Wednesday, October 6, 2010

This Makes No Sense and Goes Nowhere

My goal for today was to get a new post up here on the ol' blog. Yeah, that's right. Forget about feeding the children and picking them up from school (on time). I was worried about you guys. Because I love you. And have no ability to prioritize.

But in the end, I'm here to tell you that I'm a failure, because I have nothing much to share. The fact of the matter is that several ridiculous events occurred over the past few days, but I'm unable to process any into more than a sentence or two that ends with UHHHHHH...

For example, when I brought my son to this preschool function at a church that had its own damn coffee shop that served lattes and cinnamon buns and it was so pretty and yummy and suddenly I was participating in some sort of religious revival. And OHMYGOD did I mention that the pastor was hot?

There's also the part where I had a dream that Ellen DeGeneres was my therapist and she was getting all stressed out about all the paperwork necessary to document our sessions. In the end, I think she walked out on me because it was just too much. The paperwork, I think. I dunno, but it makes me sad for many reasons and I don't think I want to read into this much further, thankyouverymuch.
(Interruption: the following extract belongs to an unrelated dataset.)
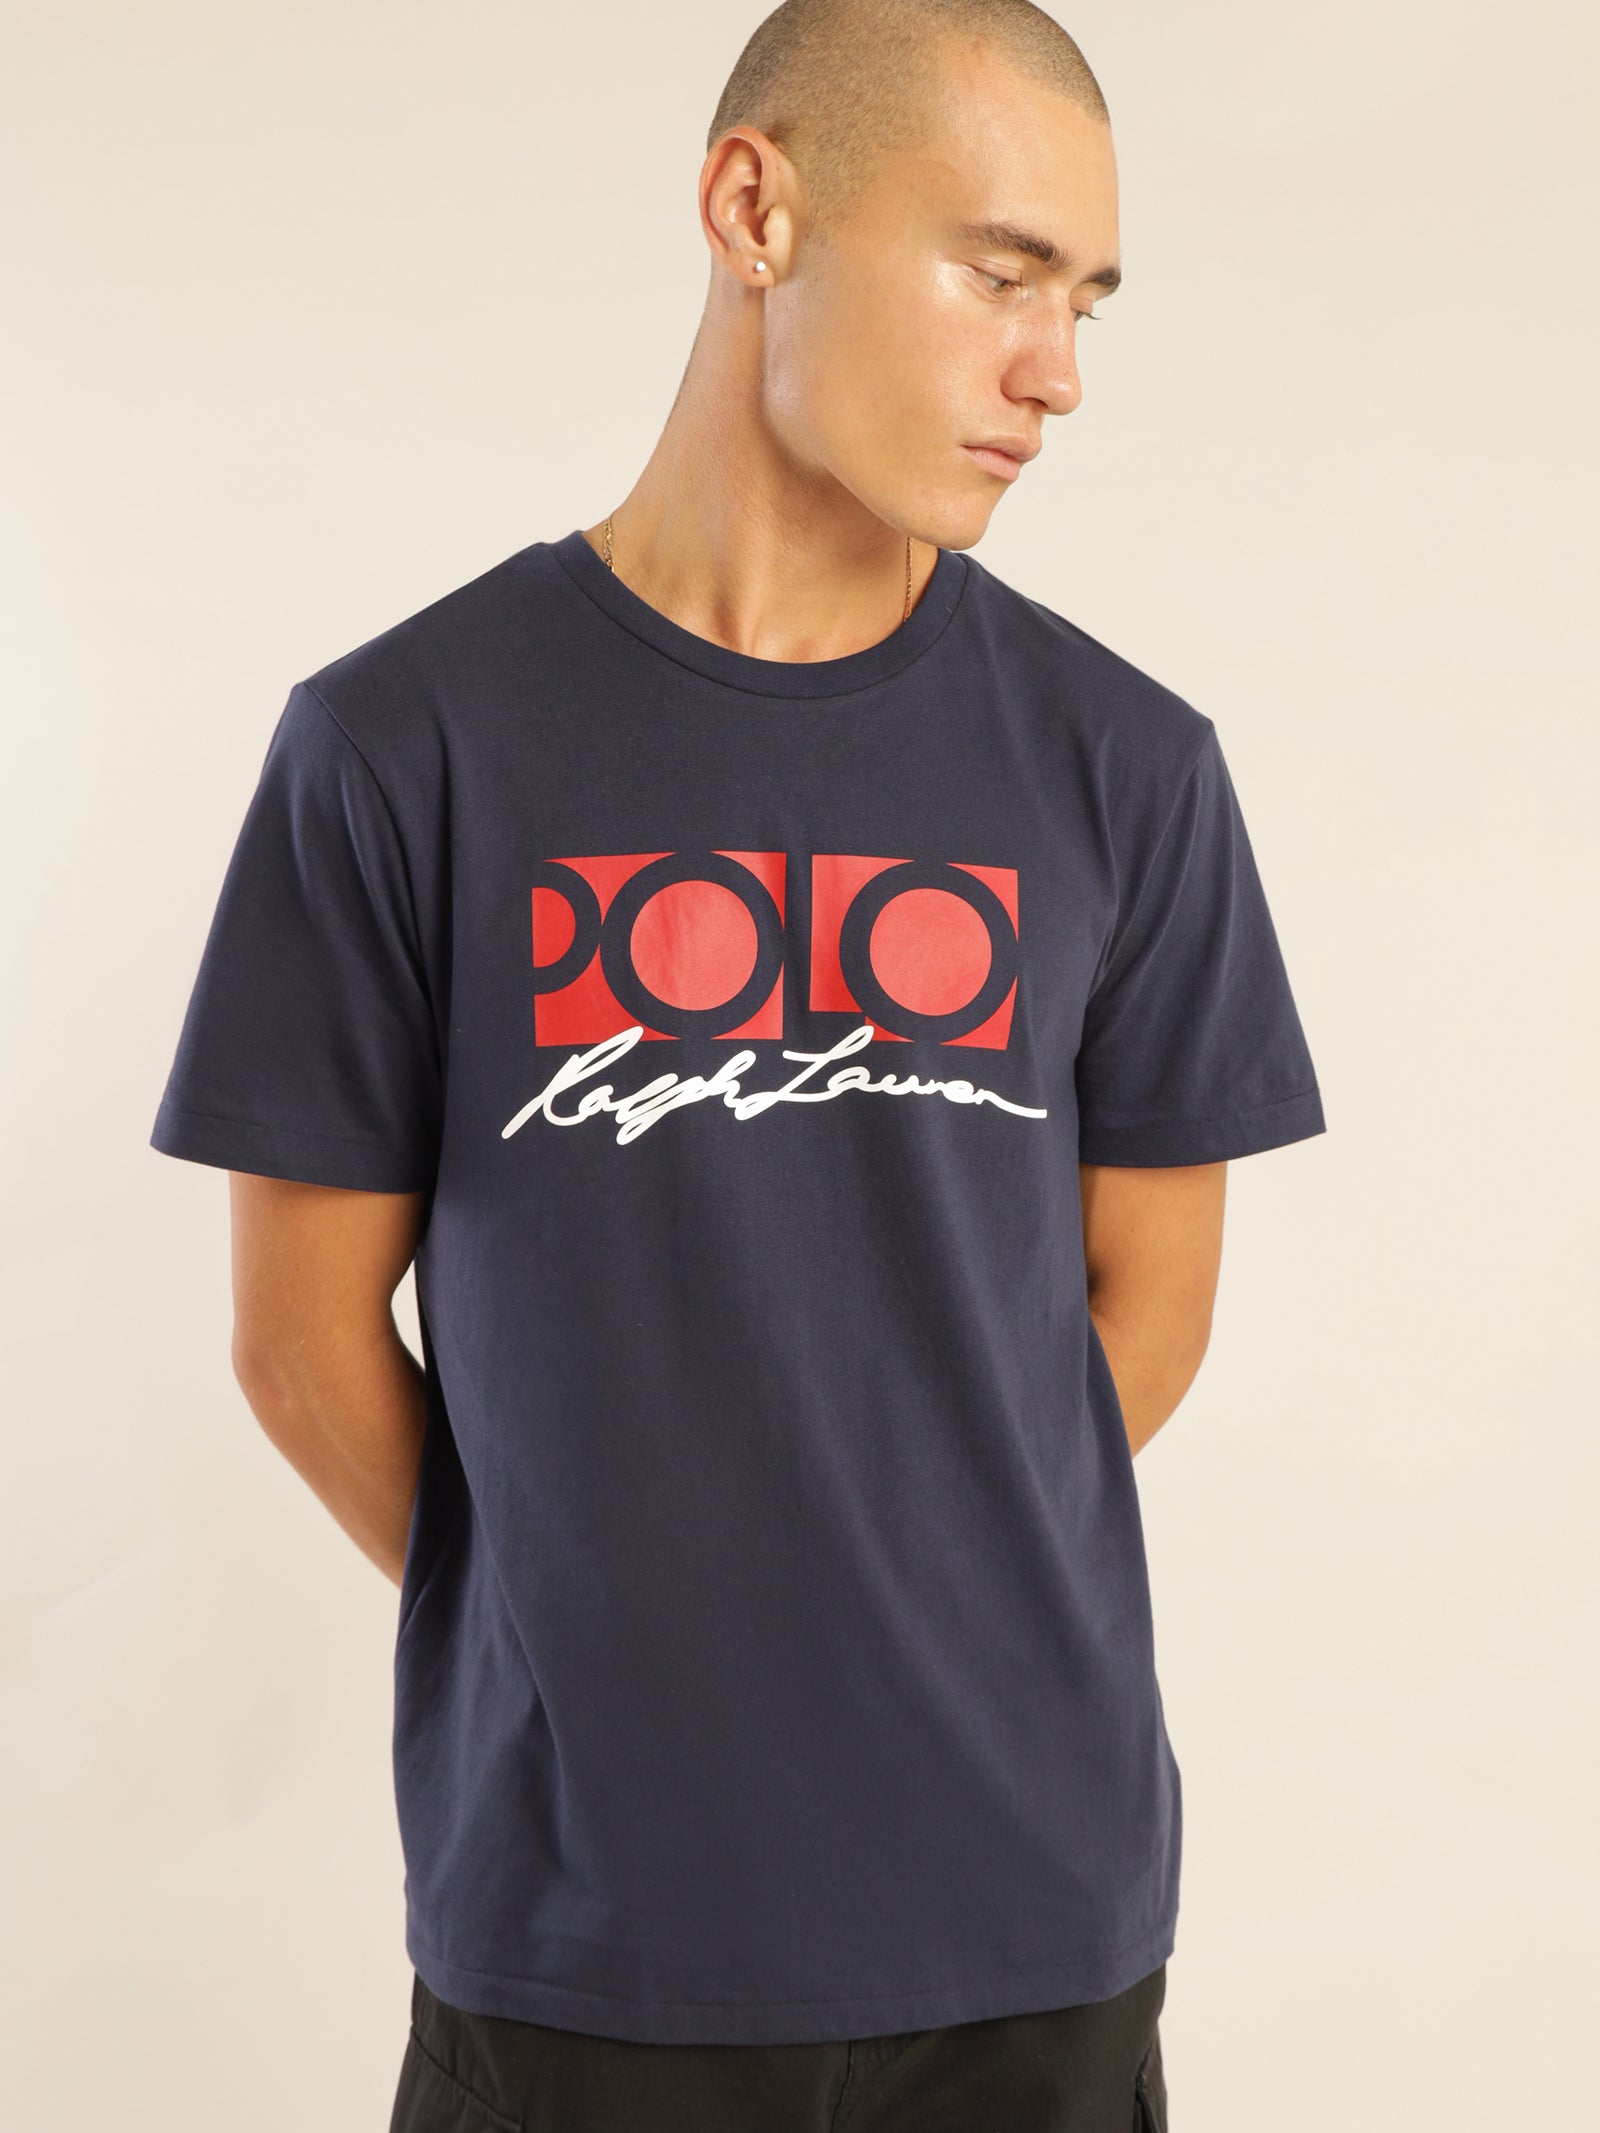 Polo Sport Logo T-Shirt in Newport Navy - Glue Store

And of course, we can't forget my episode of OHMYGOD I DON'T CARE ABOUT WHERE YOU "LIKE IT" EVEN IF YOU'RE CLAIMING THAT IT'S ALL FOR BREAST CANCER AWARENESS. Because, my god, is anyone thinking about CANCER when they read shit like that? Al I can think of is how annoying you are and HOW COME YOU GOT NEW TWITTER AND I DIDN'T?!

But everything seemed to be getting better until I had a physical altercation with one of our house's MANY motherfucking baby gates (because, HI. BABIES). I won't tell you who won that battle because it wasn't me, and I'm pretty sure my children were watching. And rooting for the gate.
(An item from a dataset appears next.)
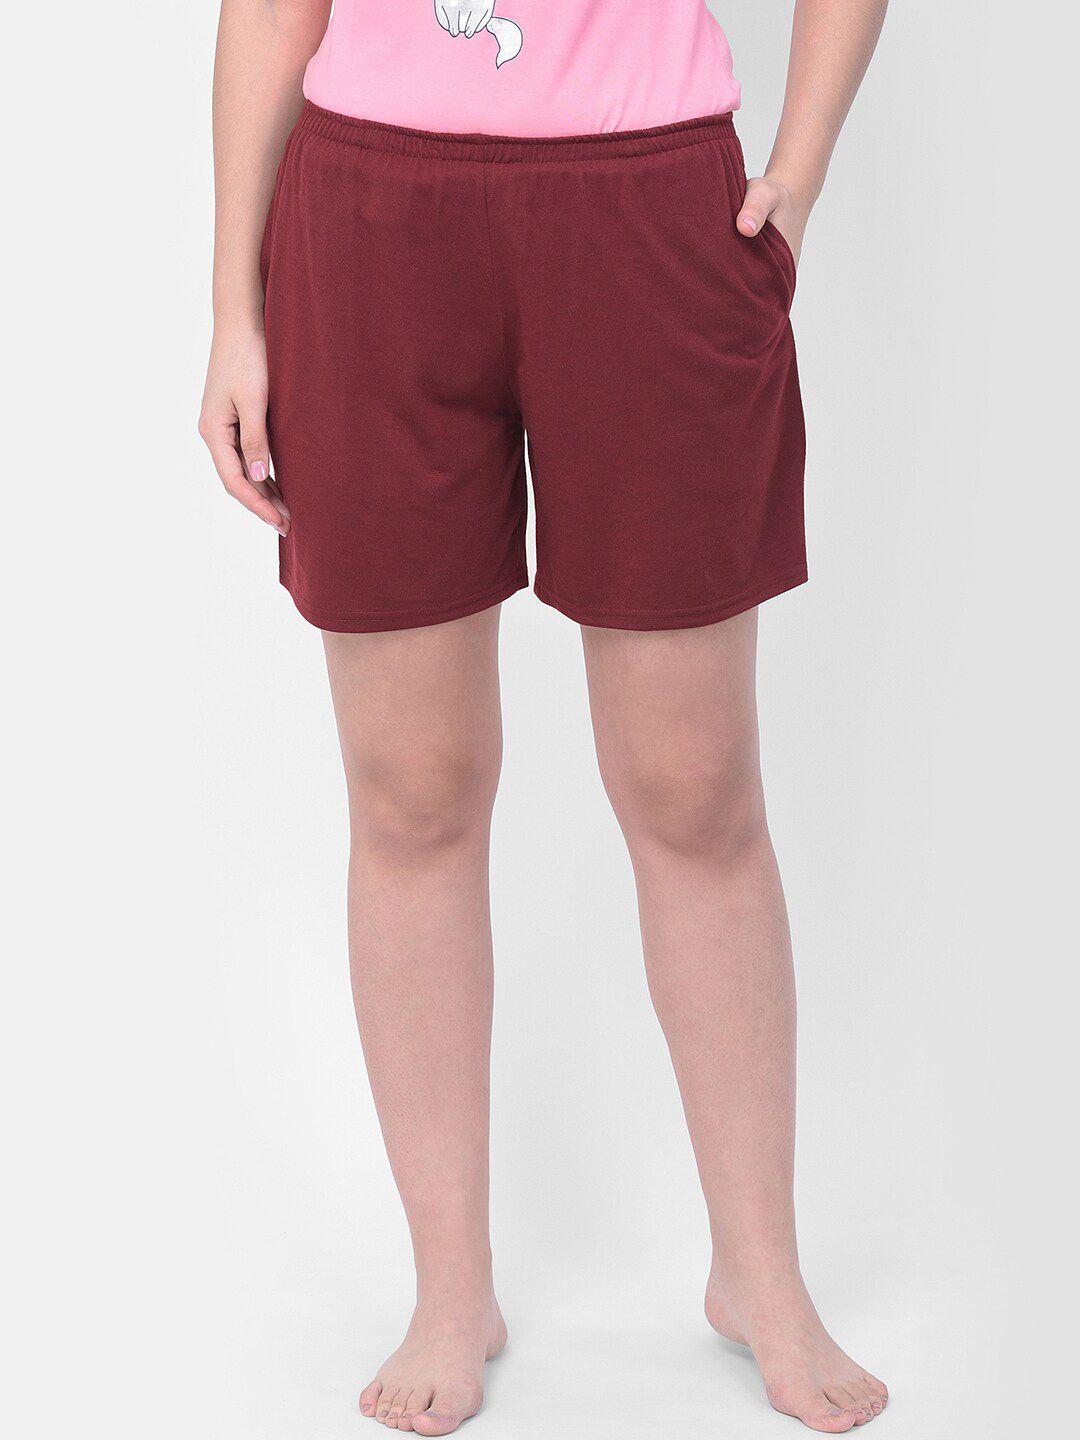 clovia women maroon solid lounge shorts

But, HEY! Stop staring at me already. LOOK! Did you hear?! Beta Dad got Blog of Note! Go give him a hug. I told you he was lovely. And while we're at it, are you reading Didactic Pirate? Because he's a professor. *wink* I mean, good writer. *wink* Well, really he's both. *WINK*

*****

And, quickly, I'll mention that I have my latest Product of Silence post scheduled to go up this Friday. If you'd like to participate, click on the tab above for more information. I'll be linking to those who have posted since my last one or who post along with me on Friday. You're free to pick your own prompt, but if that's too overwhelming for you, you can use mine: this month, I'm inspired by the short story "Lost in the Funhouse" by Paul Barth. Google it up.

And, if you don't understand my directions (I'm not so good with the words and stuff), you can email me. But I may be grouchy because did I tell you my house is infected with the preschool plague AGAIN?! I'm wondering if education is really all that important anyway. I've also been thinking of taking on some sister wives.


21 comments:

  1. i take it you're talking about the "name the spot you place your purse when you walk in the door" in the name of breast cancer awareness on the ol' shitbook. i'm still really confused what purses have to do with breast cancer.
    also, im pretty sure i have "old" twitter simply bc i wouldnt know "new" twitter if it chirped my face off.
    i don't even know what that means. im just really stoked to be first commenter right now.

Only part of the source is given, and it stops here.